At the same time, the percentage of people under 15 in the total population hit the world’s lowest at 13.6 percent, the Internal Affairs and Communications Ministry said.
For both men and women, the percentage of unmarried people went up in all groups age 20 to 64, the report says.
The preliminary figures were obtained by tallying 1 percent of survey samples collected from every village, town or city.
The report underscores the steady aging of Japanese society with its shrinking child population. It is also the first time the percentage of elderly topped the 20 percent threshold.
In 1960, 30.2 percent of the population was under age 15, while only 5.7 percent were age 65 or older.
According to the preliminary report, of Japan’s total population of 127.76 million, the elderly account for 26.82 million, up 3.7 percentage points from the previous census in 2000.
On the other hand, the number of people under age 15 decreased 1 percentage point from the previous census to the record low 13.6 percent.
By prefecture, Akita has the highest proportion of elderly, at 28.1 percent, followed by Shimane at 28 percent and Kochi at 27.1 percent.
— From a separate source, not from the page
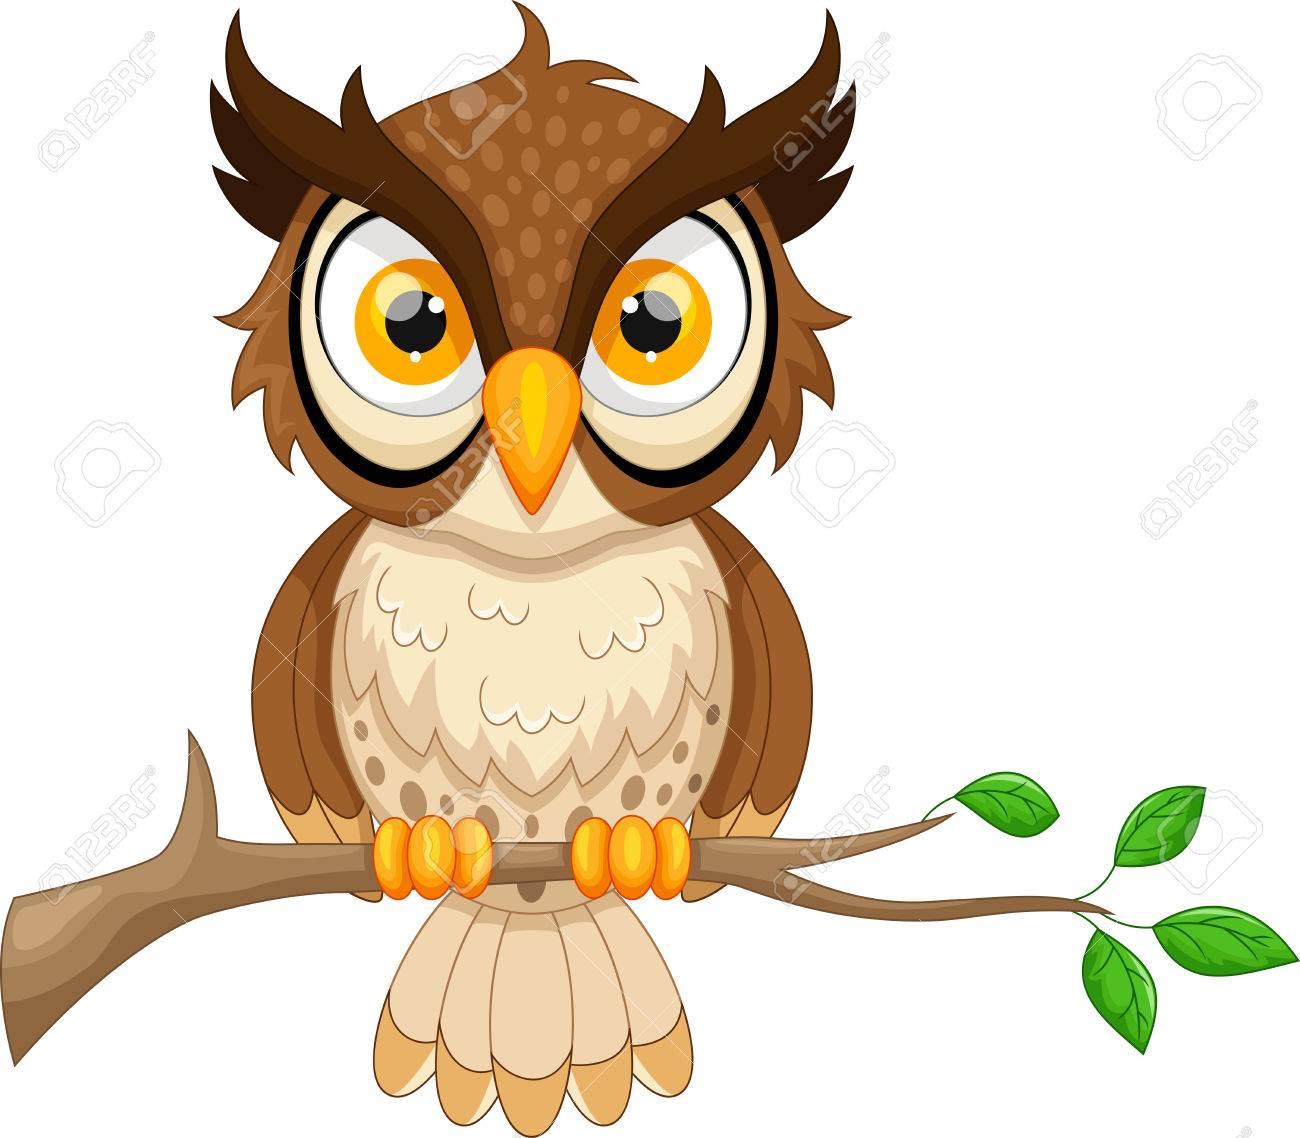 Cartoon owl sitting on tree branch - 52404091
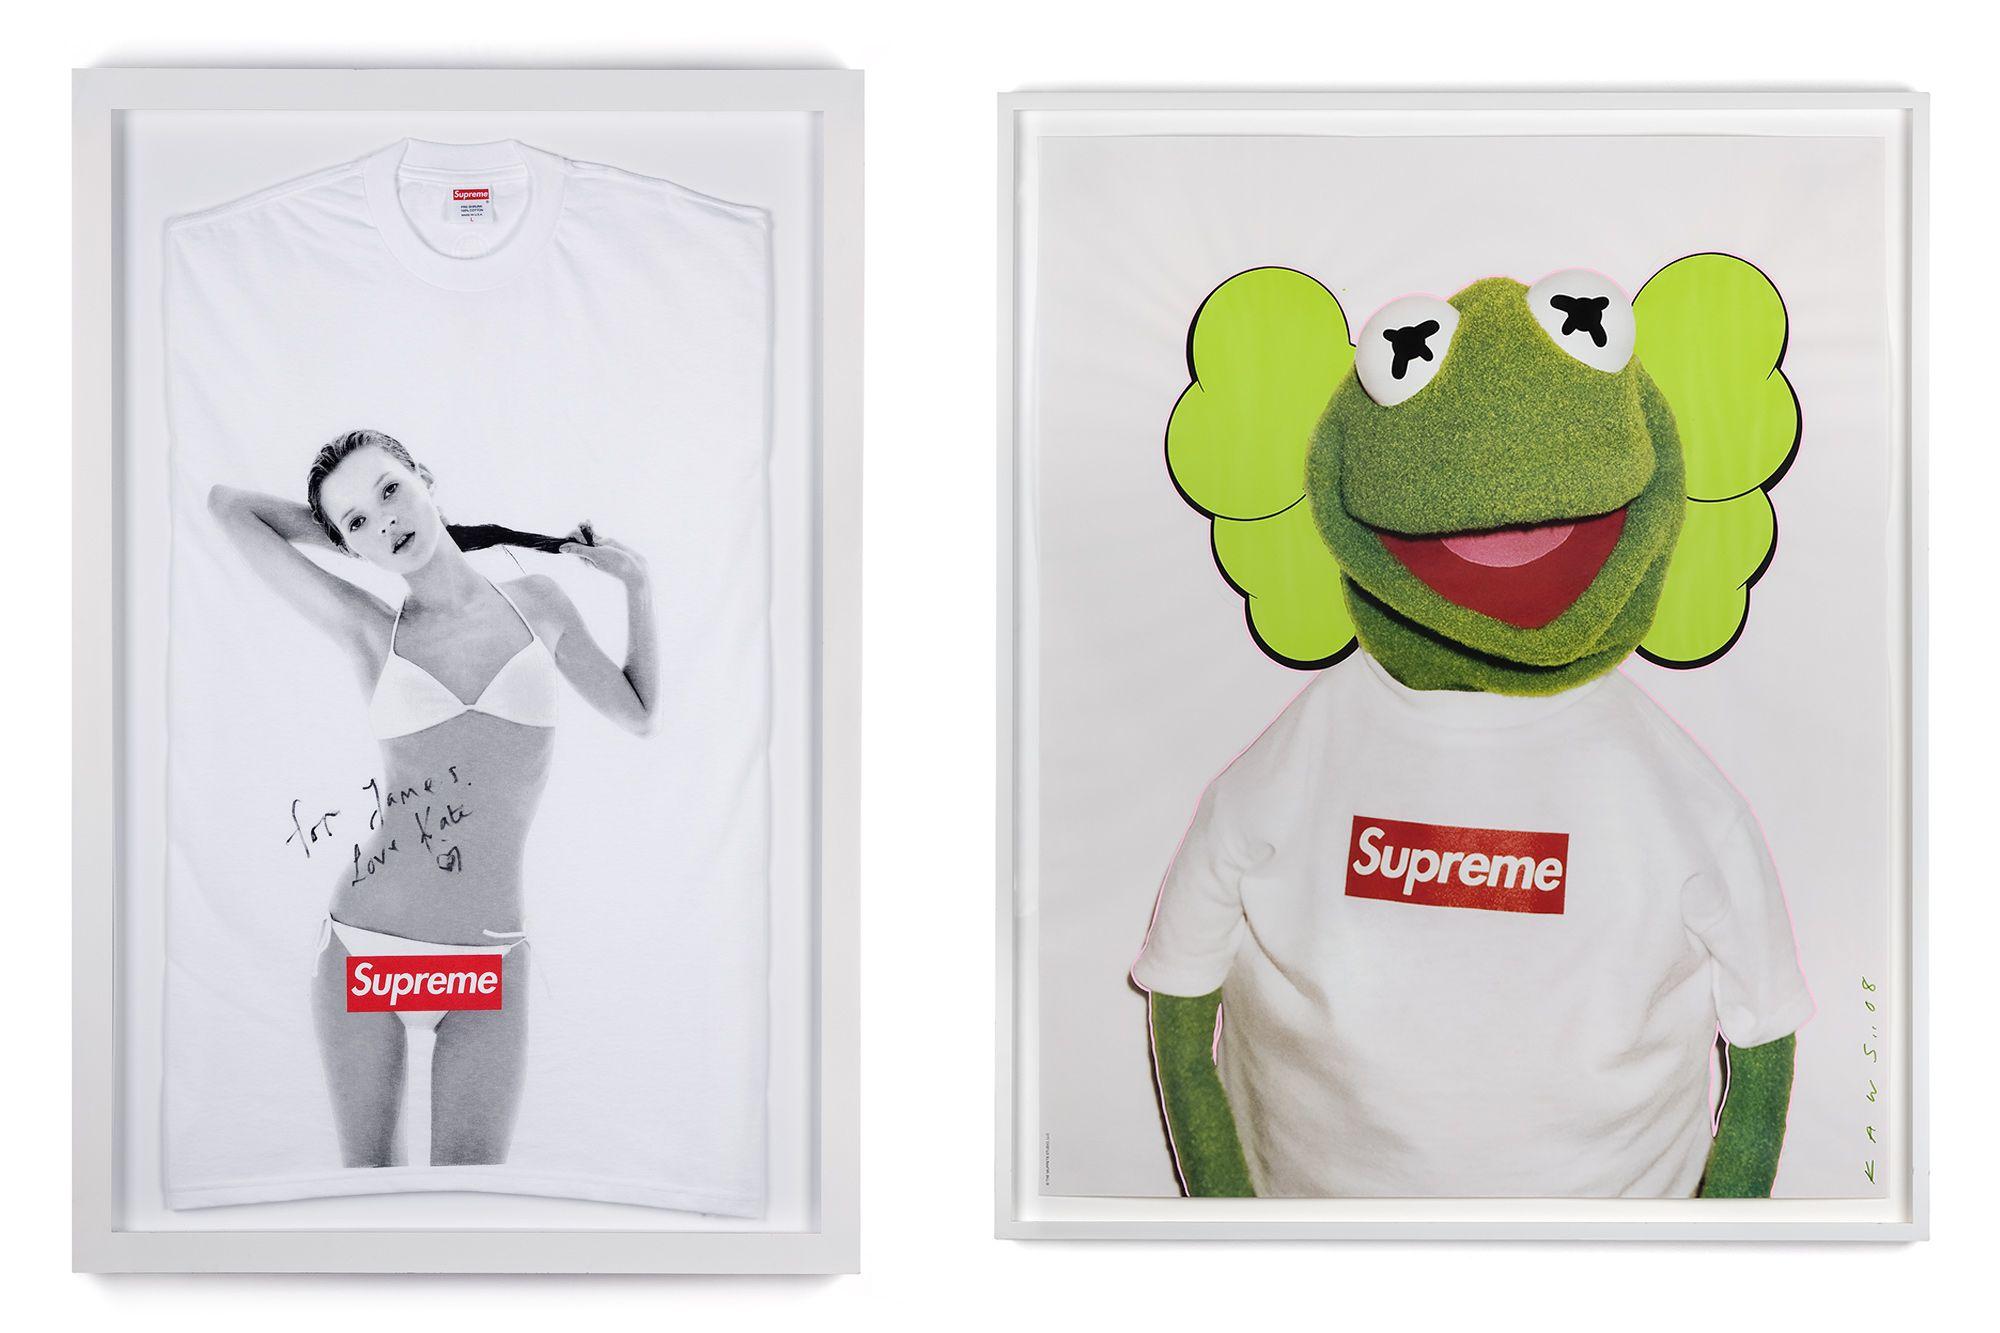 Canvas Kermit the Frog Supreme Model Fashion Style Art Print Poster

Saitama had the lowest proportion of elderly, at 16.9 percent, followed by Kanagawa, at 17.3 percent, and Okinawa, at 17.4 percent.
Since the previous census, the proportion of elderly increased in all 47 prefectures, with Nara seeing the largest rise, of 5 percentage points.
Meanwhile, the number of elderly living alone totaled 4.05 million, topping the 4 million mark for the first time since the census began in 1920. The average number of family members per household also hit a record low 2.6.
The proportion of unmarried women was 59.9 percent in the age 25-29 bracket, up 5.9 percentage points from the previous census, showing that roughly three out of five women in this bracket are unmarried. The proportion was 32.6 percent among those age 30 to 34.
The proportion of unmarried men was 47.7 percent among the age 30-34 bracket, up 4.8 percentage points, and 30.9 percent among 35- to 39-year-olds, up 5.2 points.
Observers say Japan needs to redesign national pension and health insurance programs according to the changing population structure. Because the current system depends on revenues from the working generation, many do not trust the system and refuse to pay premiums.